LintasWarganet.com – 01 April 2026 | Perwakilan Tetap Republik Indonesia untuk PBB, Umar Hadi, menuntut penyelidikan cepat, menyeluruh, dan transparan atas serangan militer Israel yang menargetkan pos penjagaan TNI di wilayah operasi Pasukan Penjaga Perdamaian PBB (UNIFIL) di Lebanon.
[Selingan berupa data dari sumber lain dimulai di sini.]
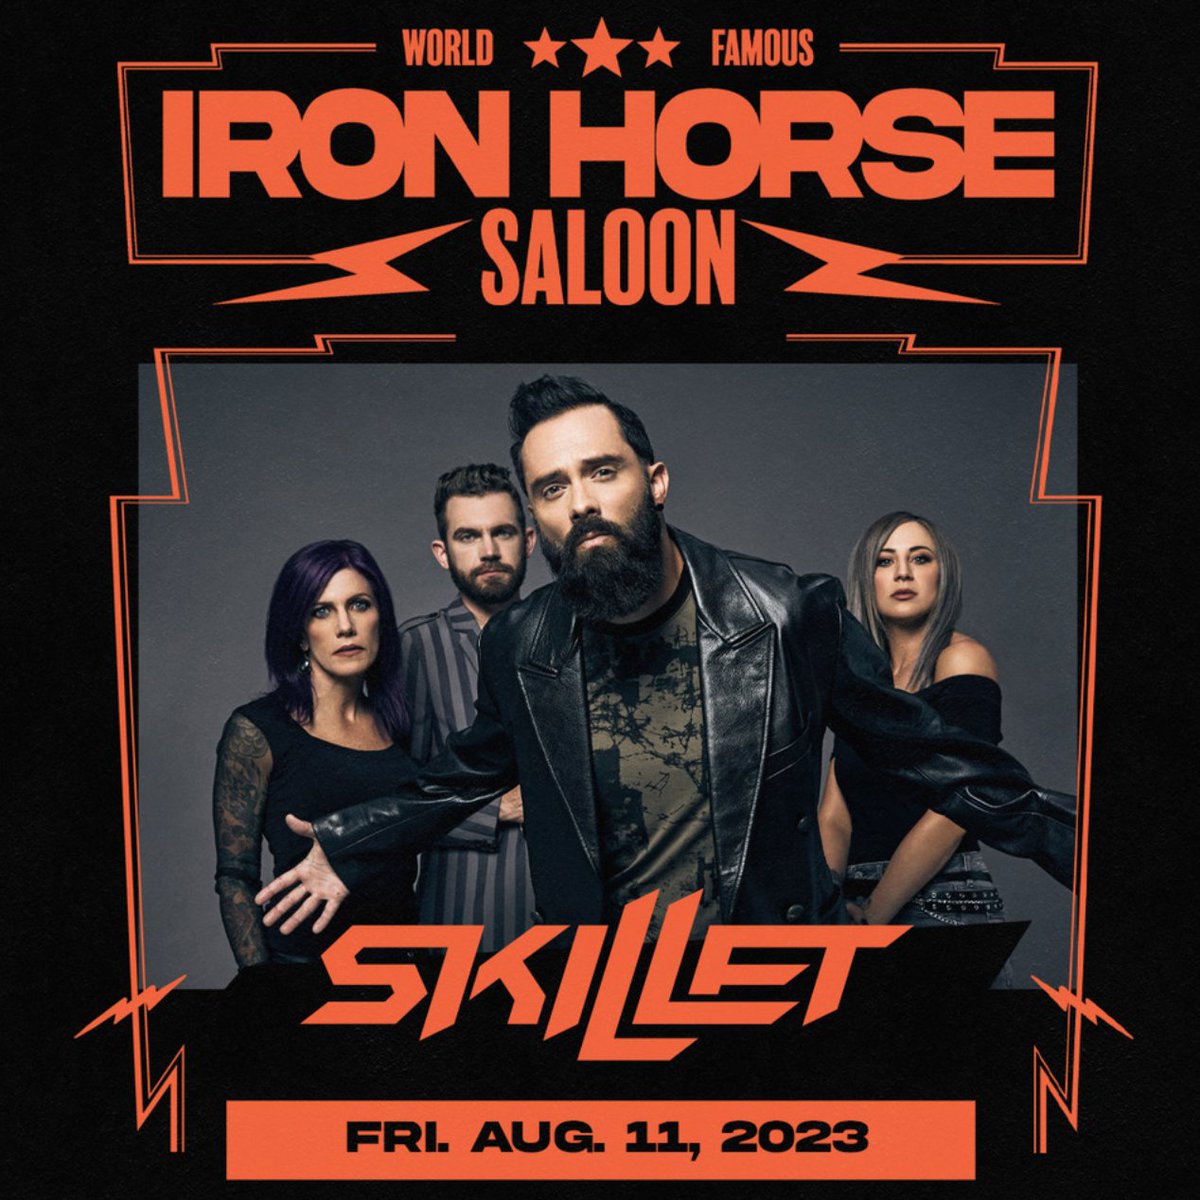 Come rock with us at Iron Horse Saloon August 11th! VIP upgrades available at this link! ihsturgis.com

Serangan tersebut dilaporkan terjadi pada akhir pekan lalu dan mengakibatkan beberapa prajurit TNI terluka serta kerusakan peralatan. Indonesia, yang telah mengirimkan kontingen pasukan perdamaian sejak 2006, menegaskan komitmennya terhadap keamanan kawasan dan menolak segala bentuk agresi yang mengancam personel pasukan perdamaian.
Umar Hadi menyampaikan beberapa tuntutan utama kepada Dewan Keamanan PBB:
- Pengungkapan fakta lengkap mengenai kronologi dan pelaku serangan.
- Penyelidikan independen yang melibatkan badan investigasi PBB.
- Penegakan tanggung jawab bagi pihak yang terbukti melanggar rezim hukum humaniter internasional.
Ia menambahkan bahwa Indonesia siap memberikan dukungan teknis dan administratif kepada proses investigasi, serta berharap pihak Israel menghormati mandat UNIFIL dan menghentikan tindakan militer yang dapat menimbulkan eskalasi konflik.
Serangan ini memicu keprihatinan komunitas internasional, mengingat UNIFIL berperan penting dalam menstabilkan perbatasan selatan Lebanon serta melindungi penduduk sipil. Indonesia mengajak semua pihak untuk menahan diri, menegakkan hukum internasional, dan menjaga keamanan serta integritas operasi perdamaian PBB.